Puntualmente, he visto a candidatos, por ejemplo, de la comunidad LGBTI, que son positivos activistas de marchas, que tienen perfil artístico, pero que poco o nada de pronunciamientos sobre asuntos trascendentales de la ciudad o del departamento…

 

Por: Juan Carlos Zamora

Lo importante de la “democracia” es su participación, elegir y ser elegido. Ya, a pocos días de las elecciones locales y seccionales, son variadas las alternativas que tienen los ciudadanos para votar, con lo cual, desde mi visión, no hay excusa para eludir ese deber.

Lo que me inquieta es que en este panorama variopinto favorable hay candidatos “ligeros” que tienen buenas intenciones desde lo político, ético, ambiental, artístico, cultural o social, el problema es que de buenas intenciones está empedrado el infierno.

La invitación es a que fortalezcan sus conocimientos en Administración Pública, en Derecho y claro, saber las mañas, pero no implementarlas, porque de lo contrario los caciques que ya les llevan ventaja se los van a comer vivos. Infortunadamente, por desconocimiento incurren en faltas disciplinarias que pueden dar al traste con sus labores.

Puntualmente, he visto a candidatos, por ejemplo, de la comunidad LGBTI, que son positivos activistas de marchas, que tienen perfil artístico, pero que poco o nada de pronunciamientos sobre asuntos trascendentales de la ciudad o del departamento, es decir, da la sensación que van a ir a trabajar por su rosca, a pasarla bueno, a tener un escaño más para su hoja de vida, por experiencia laboral, o por ego, en pocas palabras, se pierde ese espacio que era considerado de renovación.

Por otro lado, hay otros con tendencias en materia educativa, de emprendimiento y artística, que tienen propuestas positivas, pero que presupuestalmente se sabe que no serán realizables. Abrir cupos para educación superior gratuita pagada con recursos de los departamentos o de los municipios no es tan fácil; que construyan un escenario deportivo o cultural, a veces no es necesarios, porque espacios los hay, simplemente no se utilizan como debe ser y los esfuerzos de la gestión se quedan en el cemento y no en la formación de tejido social, es decir, en el desarrollo humano.

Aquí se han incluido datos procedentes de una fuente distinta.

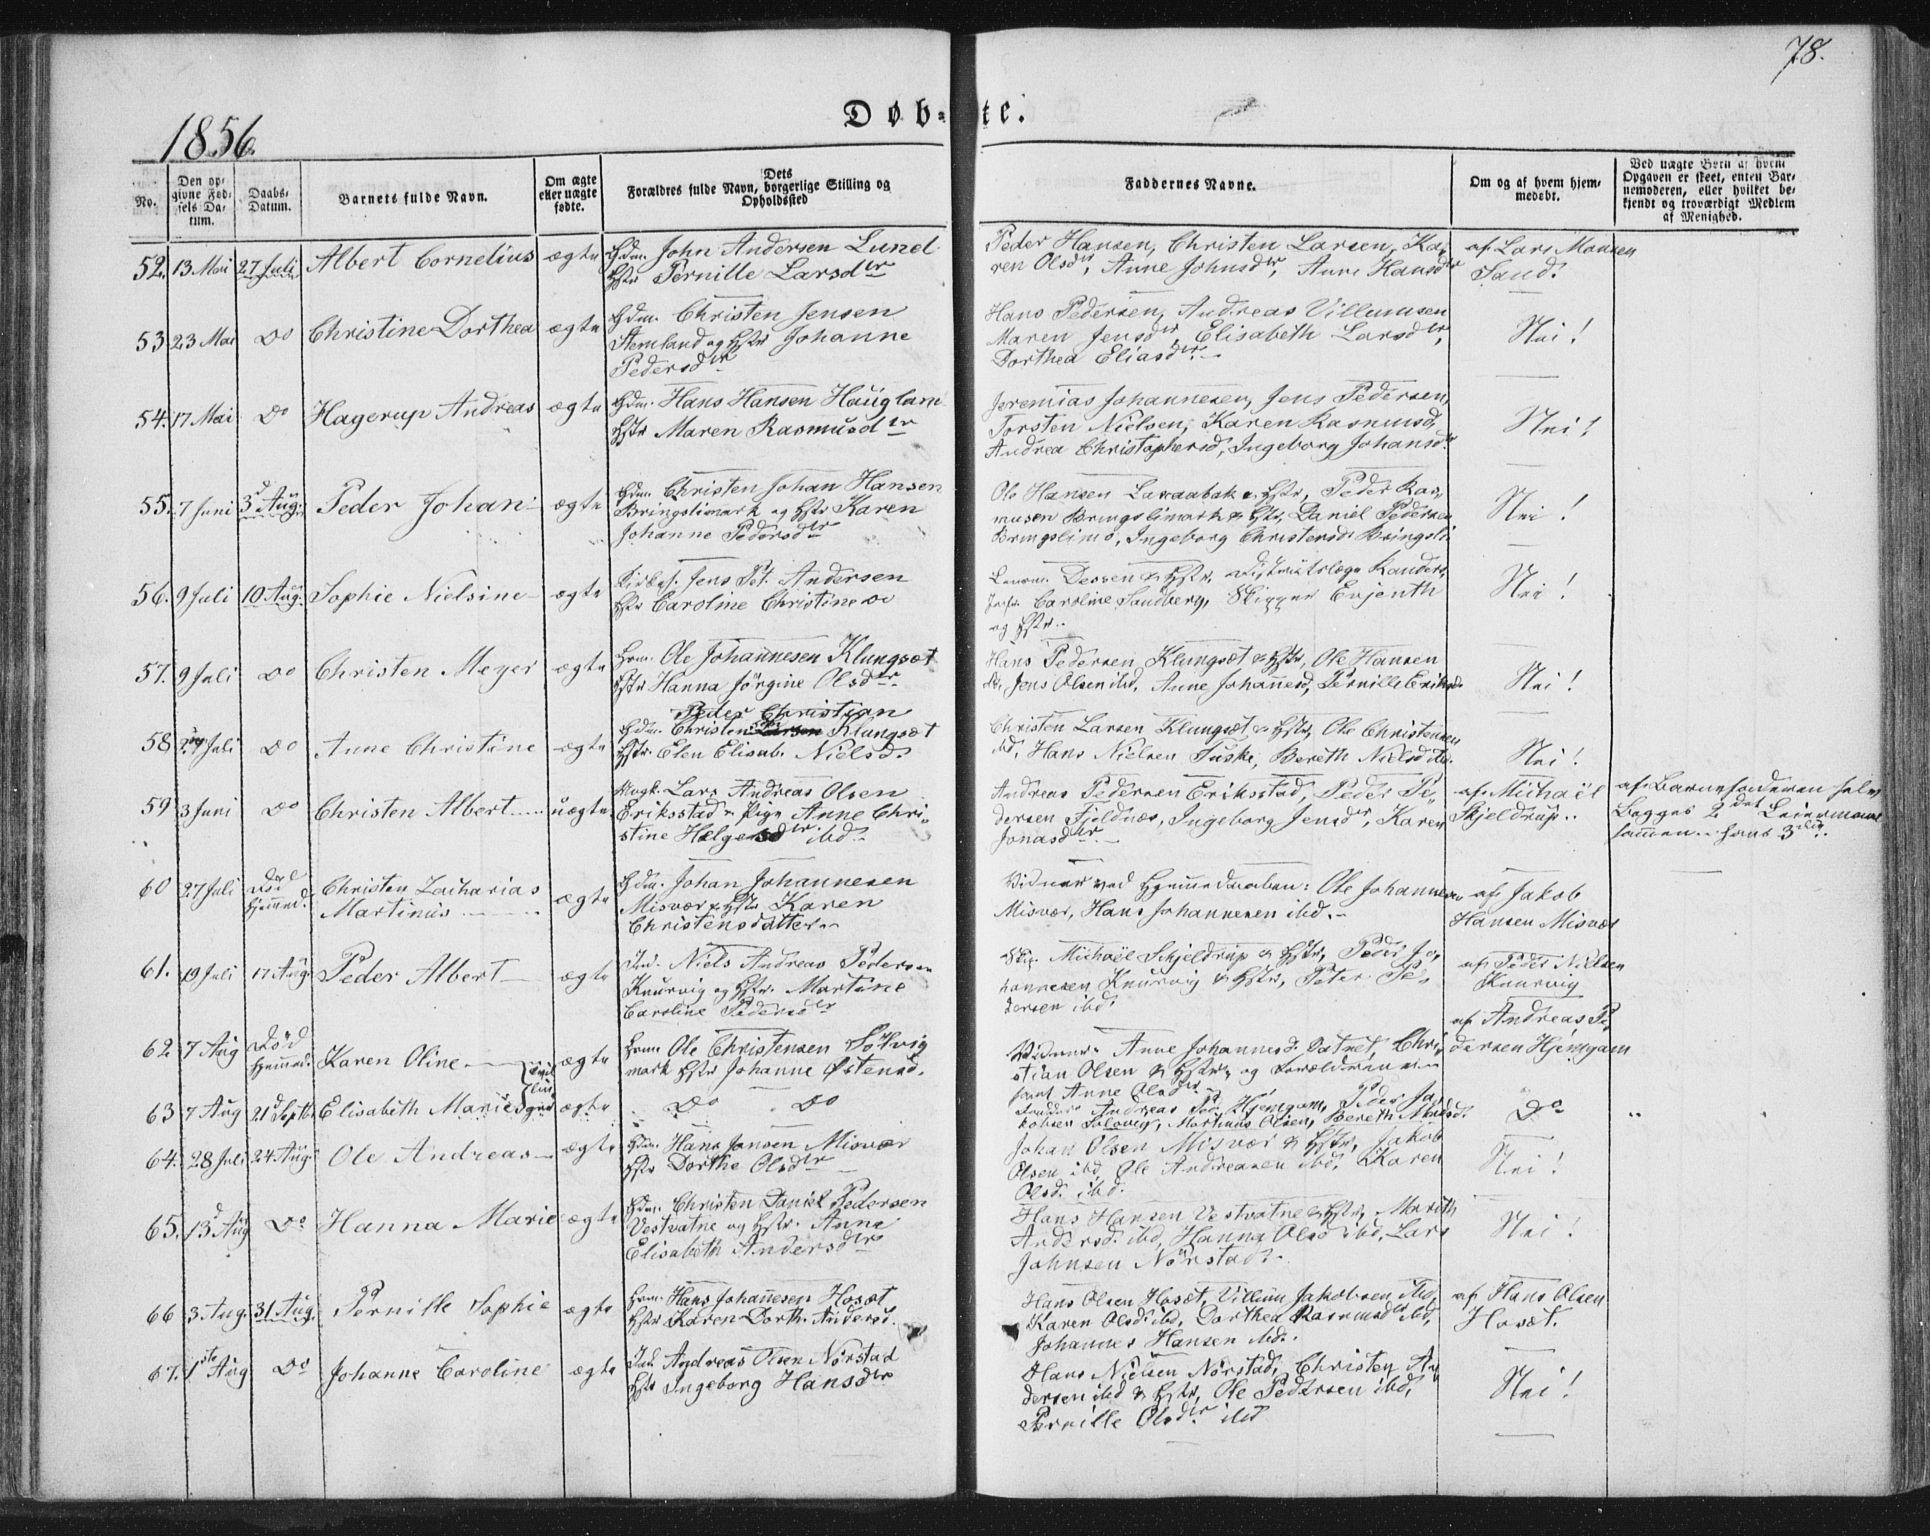 SAT, Ministerialprotokoller, klokkerbøker og fødselsregistre - Nordland, 852/L0738: Ministerialbok nr. 852A08, 1849-1865, s. 78

Con lo anterior, no estoy siendo pesimista, por el contrario, se vale soñar, la invitación es a que los aspirantes realicen una reingeniería a sus propuestas, que sean más realistas, que sean realizables. Porque se convierten en utopías y más con la escasez de recursos o peor si están en la oposición. Que no sólo piensen en su nicho, sino en el interés colectivo, que ejerzan su control político con responsabilidad y disciplina.

Y es que mientras unos piensan en utopías y luchan contra los molinos de viento, otros, los más avezados, en la realidad están mirando como meterle micos a los proyectos y beneficiarse o beneficiar a unos pocos a costillas del interés general. Con este panorama, es mejor tener los taches arriba y estar a la defensiva.

Porque si son las nuevas caras, la renovación, el compromiso, va mucho más allá, porque llevan a cuestas la ilusión de unas personas que creyeron en ellos, que aspiran y esperan que se generen realmente cambios; de lo contrario, la desazón va a ser mayor, porque queda el sinsabor de que siguieron los mismos con las mismas.